A stone is thrown vertically in the air..........???

Question

at a velocity of 16 m/s. One second later a 2nd stone is thrown up w/ the same velocity. At what time are the two stones at the same height?

I tried using y(t) = Vo*t+1/2 * a * t^2

set heights equal, therefore...

Vo* t + 1/2 * a * t^2= Vo* (t+1) + 1/2 * a * (t+1)^2

but got a negative answer, if someone could explain the right way to do this .....great.

ok i did that, but im getting the same wrong answer. just positive now. im getting 1.13. the answer should be 2.13.

and all the roots get cancelled, im only left w/ 9.8t=11.1

Answer 1

so far u r correct........now u just forgot 2 add 1 sec.....rememba u have to find the total time......1.13 is the time required for 2nd stone to travel.......so just add 1 to get d ans.

Answer 2

Remember that the way you have it set up the acceleration of gravity is a negative number. I am not sure you took this into account, but this could be the reason for your negative result. Also you should have two answers as this will lead to a quadratic, try the other root and see if you get a positive result.

Answer 3

what a bout this, try this.

try to imagine graph plotted in velocity-time.
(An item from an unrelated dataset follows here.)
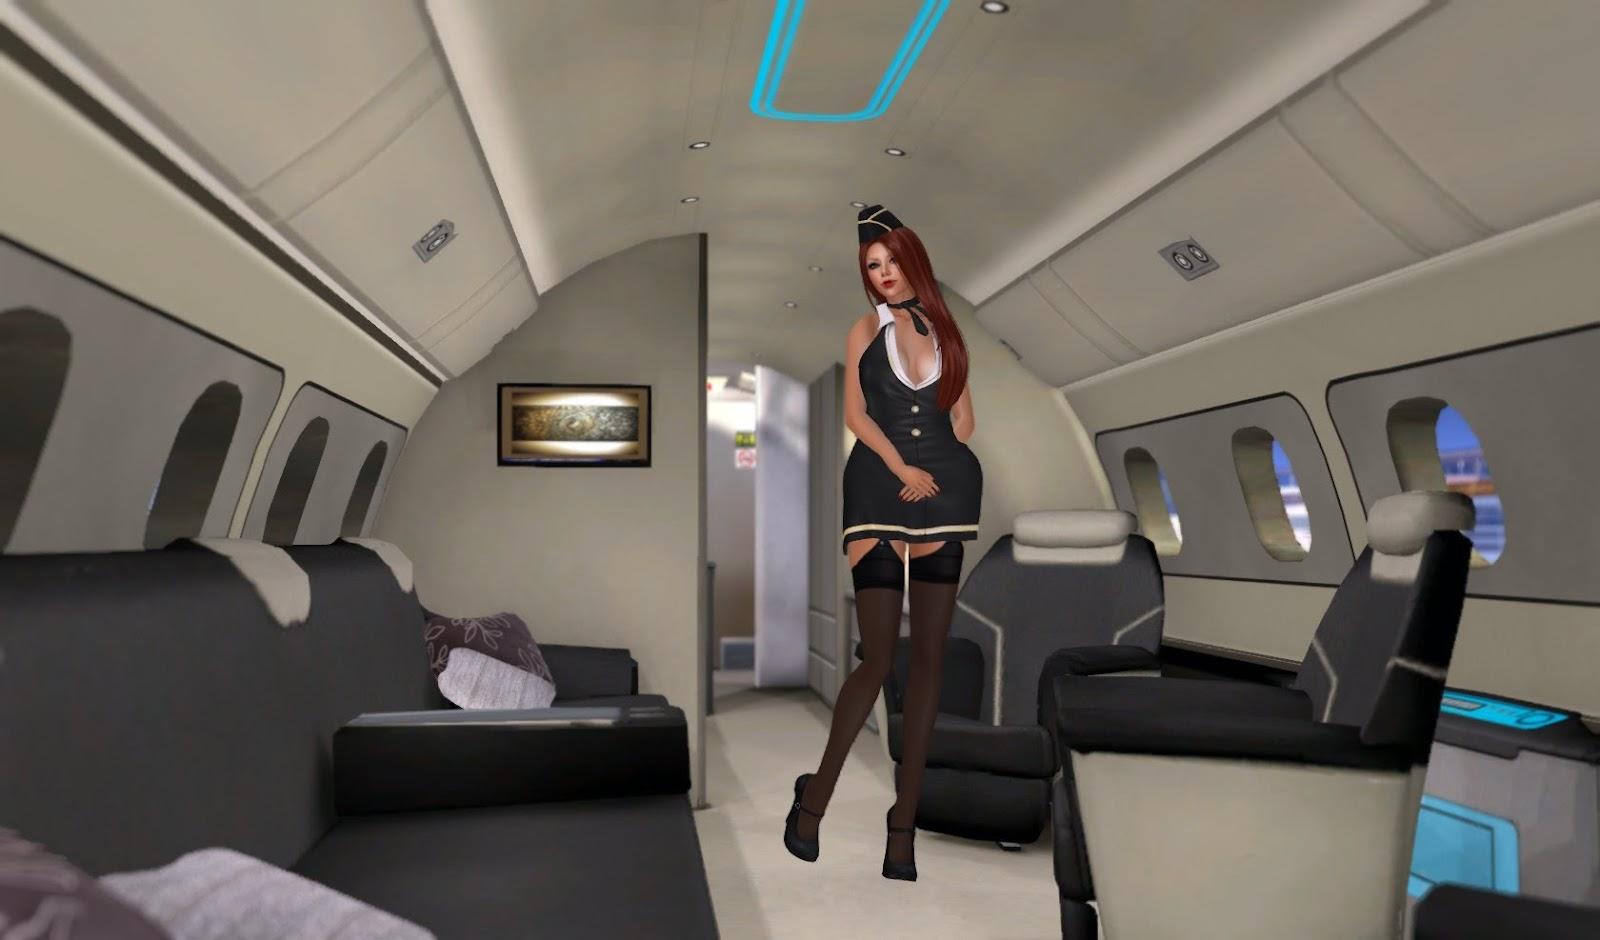 Фото стюардесса ххх, Голые стюардессы - Лучшее фото 4 фотография

for the 1st stone, v. (v with 1 dot) is 16m/s when the time is 0.
hence, (16,0)
gradient = -9.8m/s^2

you will get, (V.-16)= -9.8 (t-0)
simplify it you'll get an equation for v.

v.= -9.8t+16

for second stone, use v.. (v with two dots)
it has velocity 16 when time = 1s, hence
gradient = -9.8, (16,1)

then, you'll get v..= -9.8t+25.8

integrate v you'll get displacement. Hence,
integrate v. = s. = -4.9t^2 + 16t + c
when t = 0, s=0
hence, s.= -4.9t^2 + 16t

also, integrating v.. , you'll get s.. = -4.9t^2 +25.8t +c
when t = 1, s = 0
hence, c = -20.9
s.. = -4.9t^2 +25.8t - 20.9

they meet when s. = s..
-4.9t^2 + 16t = -4.9t^2 +25.8t - 20.9
hence, t = 2.13.... second

hope you'll appreciate.

Answer 4

They can't be together at the same height at any time.